Required action: Would you write out each line of the material below exactly, skipping every picture?

Dataset extract section start

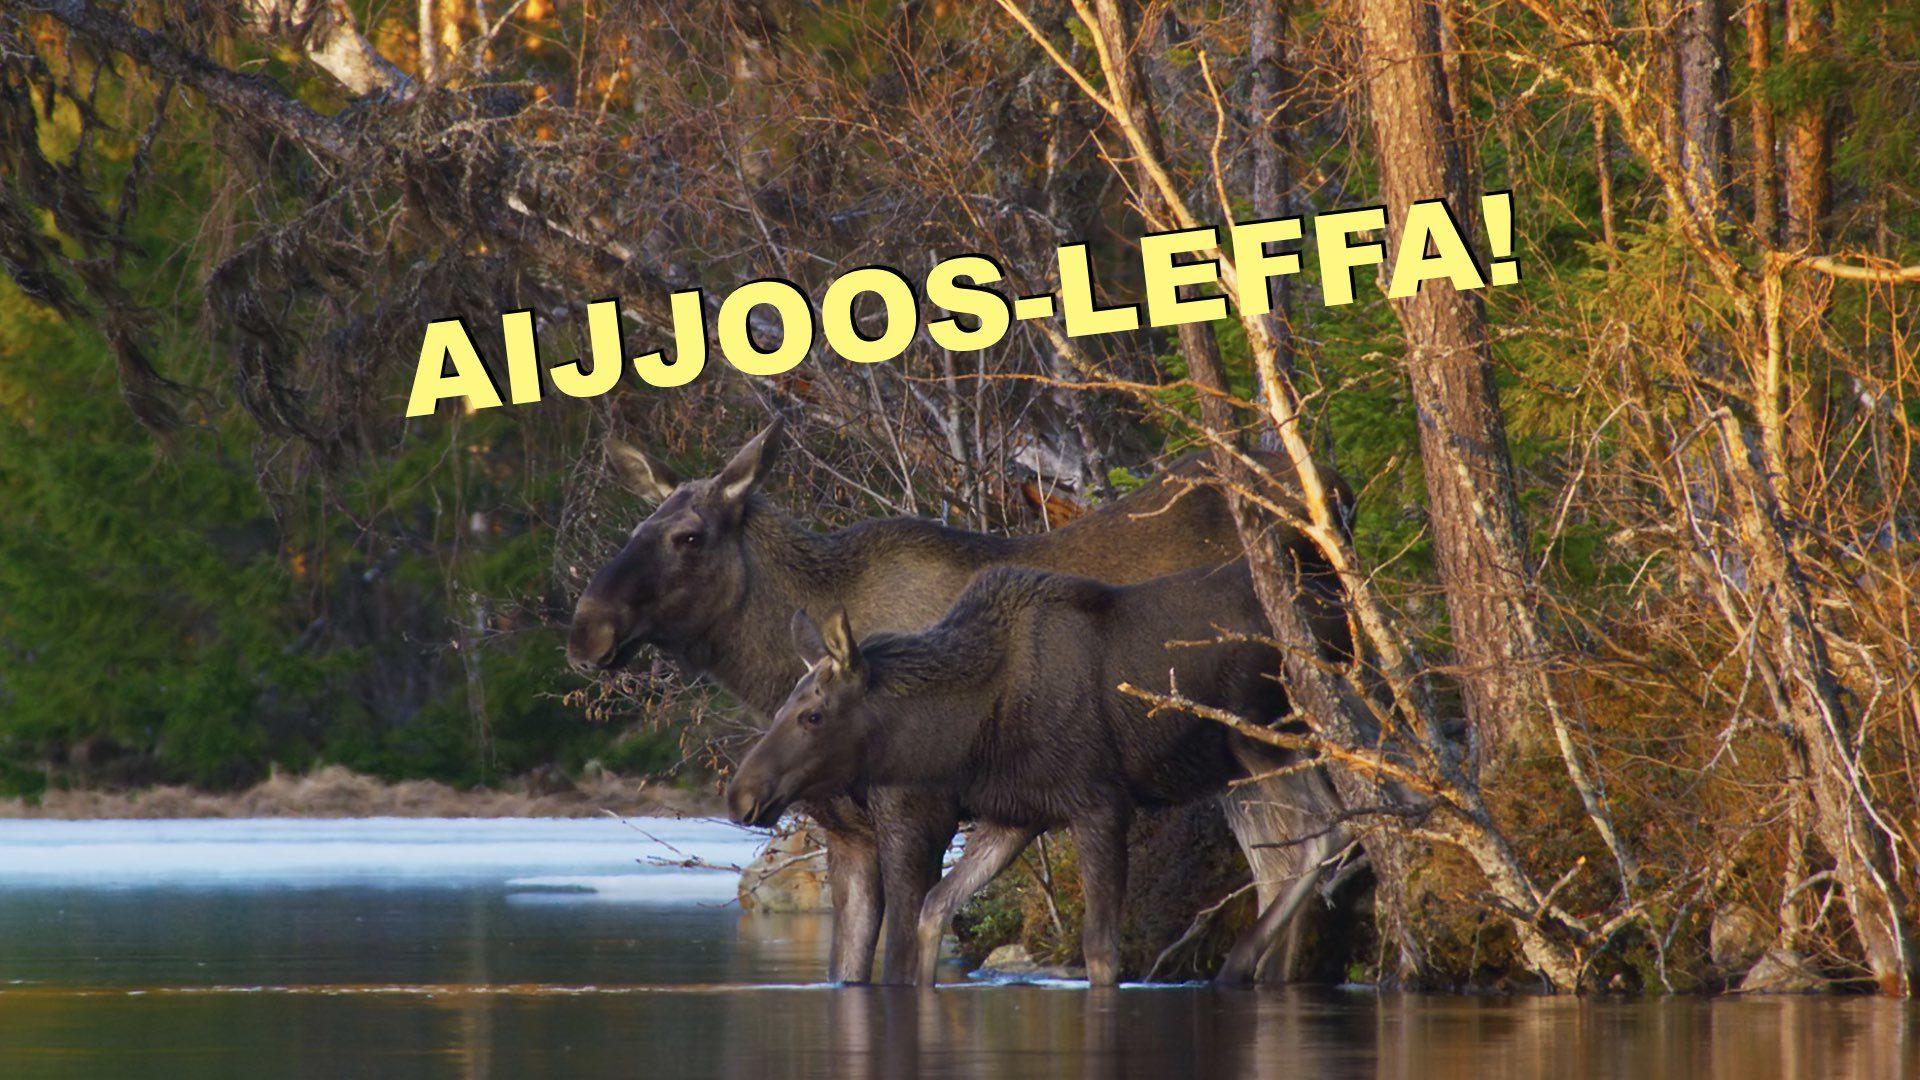 AIJJOOS-LEFFA: Luontosinfonia
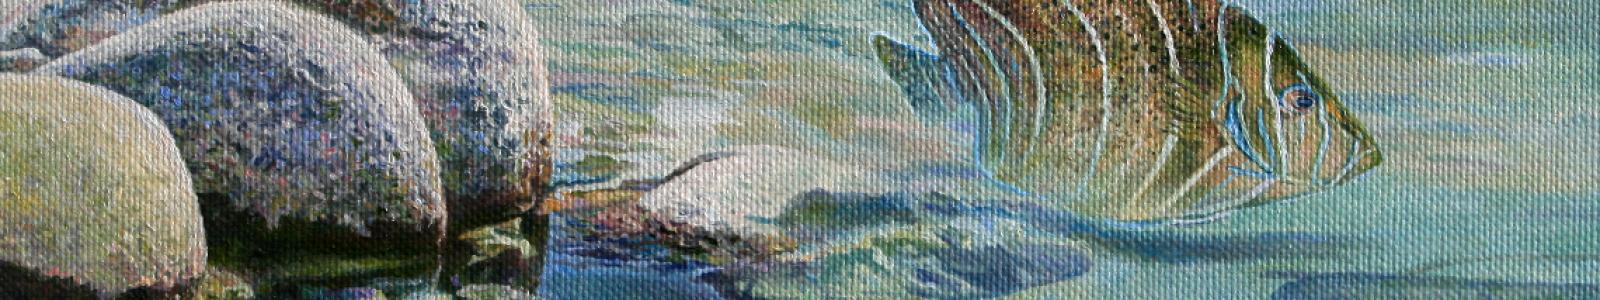 Gallery Painter Alexander Shinkarenko
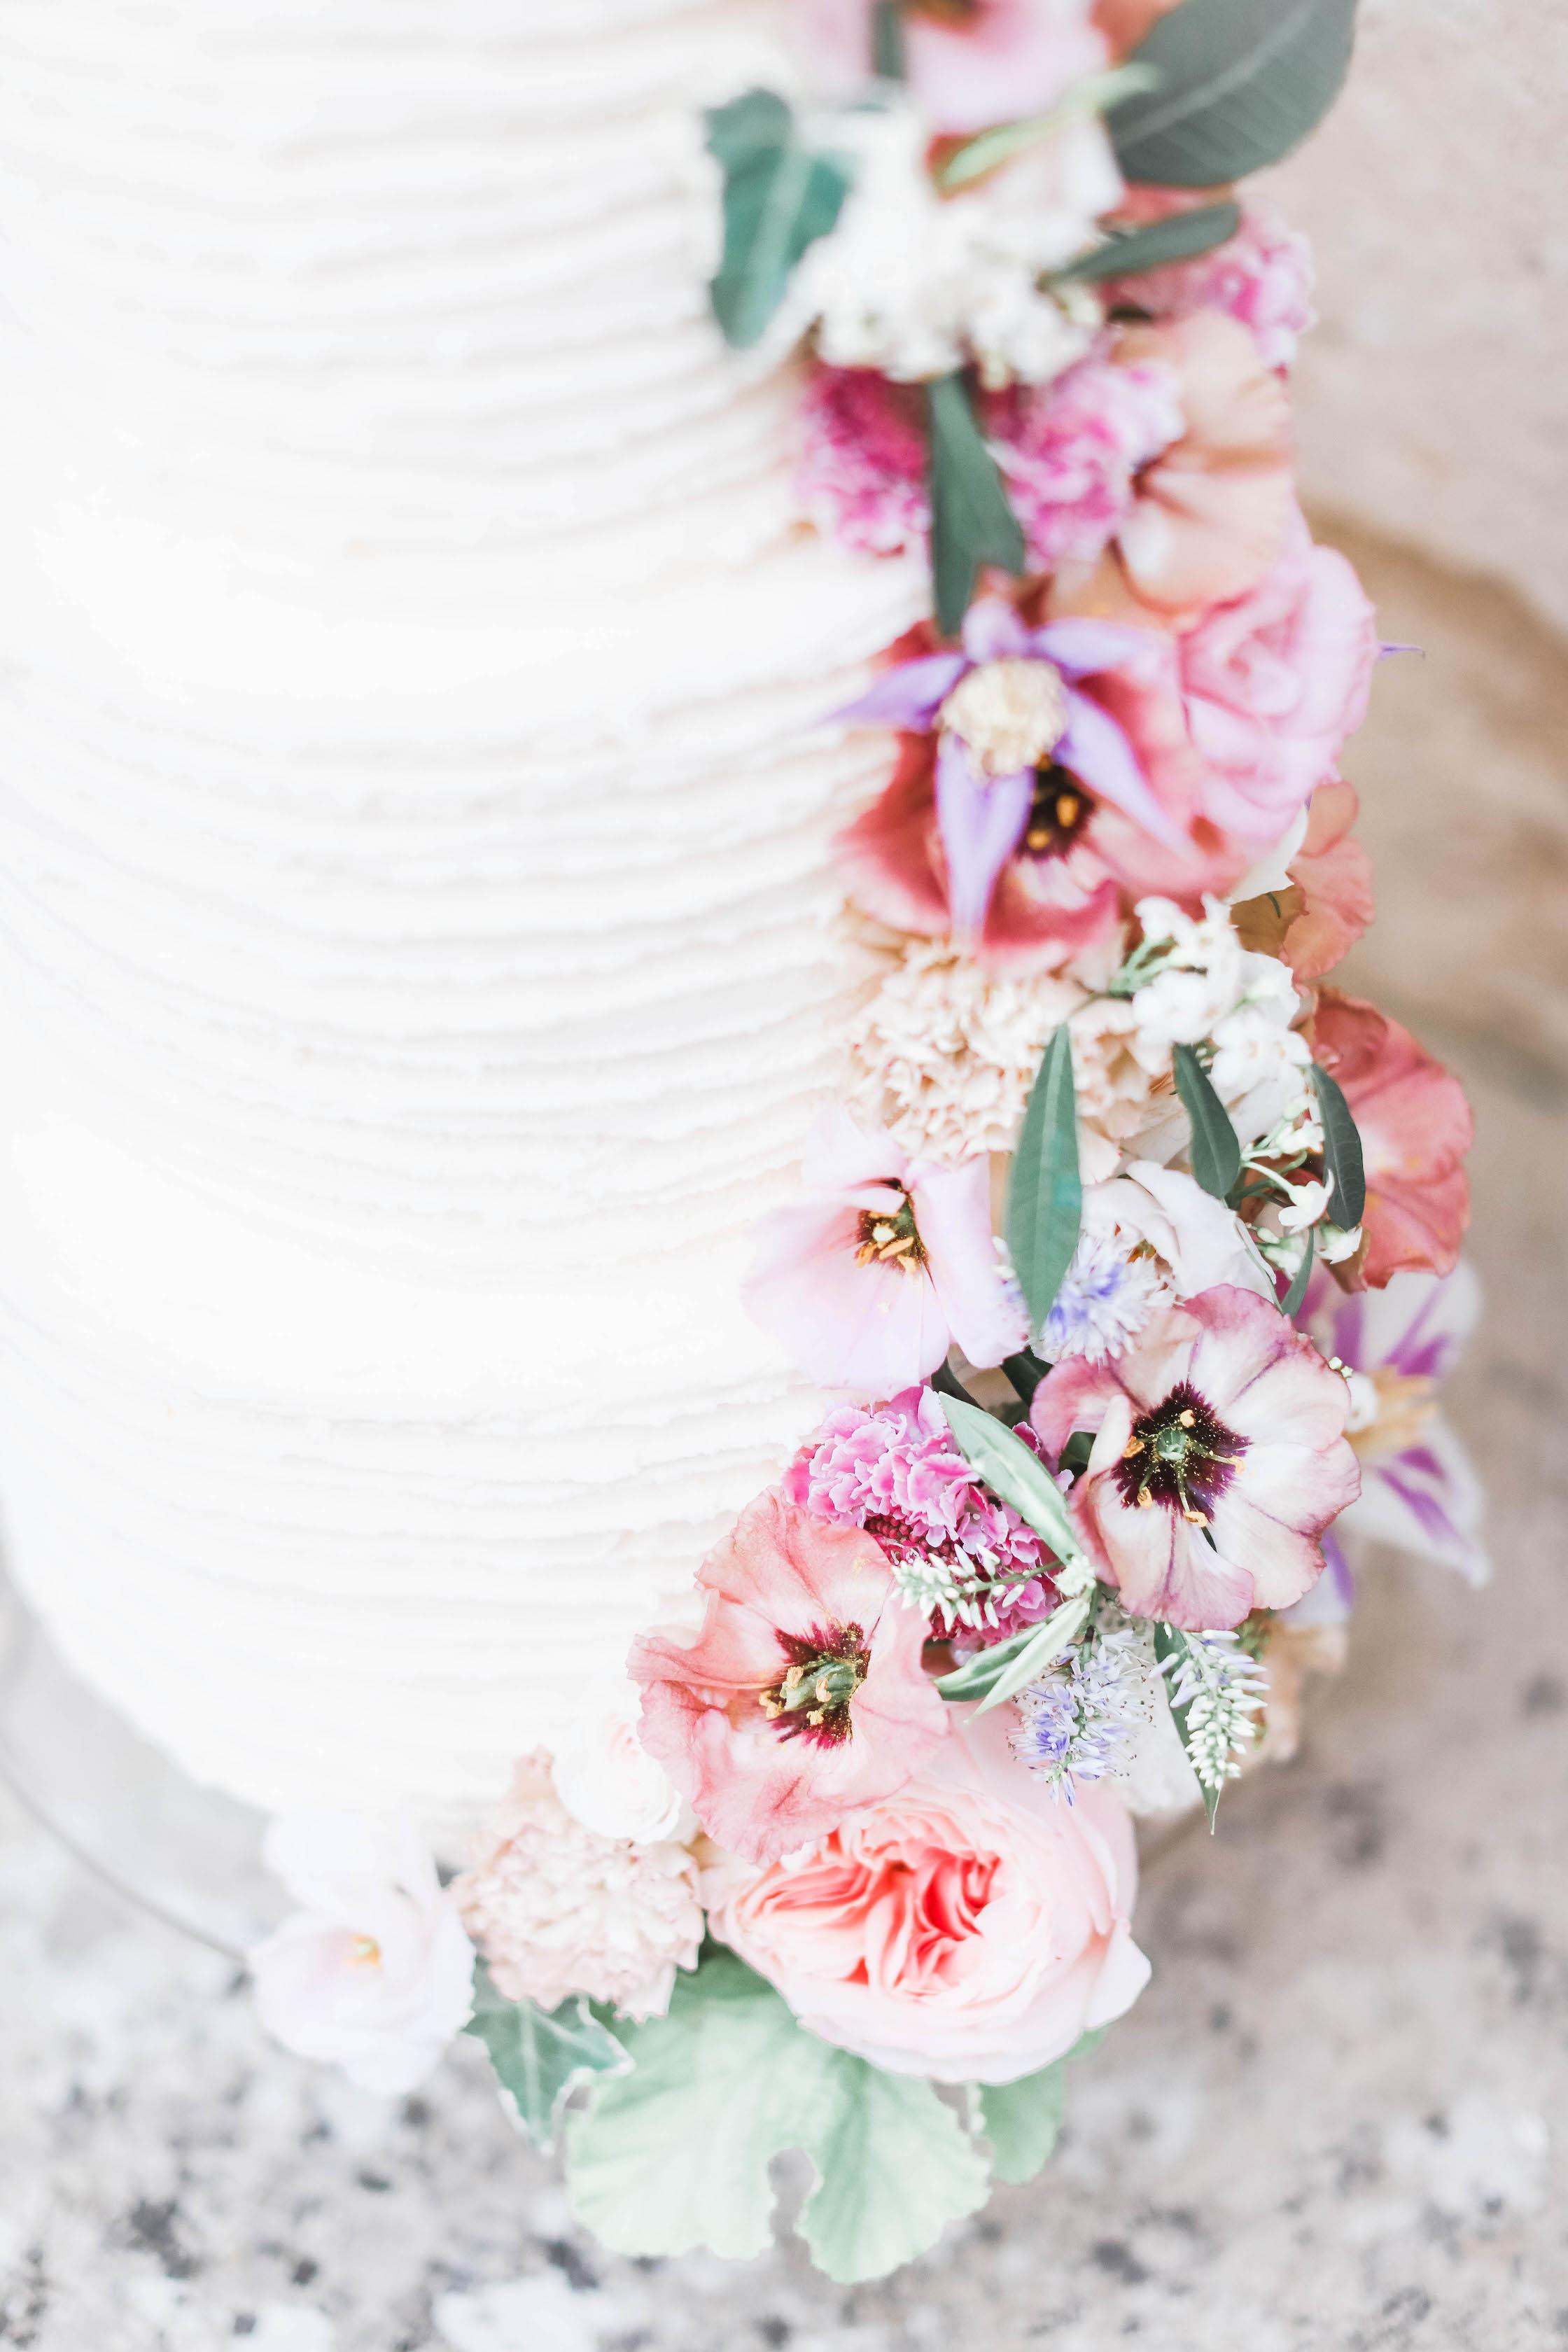 Cake Flowers - Cake Decorations

Dataset extract section end

Response to this task:
 AIJJOOS-LEFFA: Luontosinfonia
 Gallery Painter Alexander Shinkarenko
 Cake Flowers - Cake Decorations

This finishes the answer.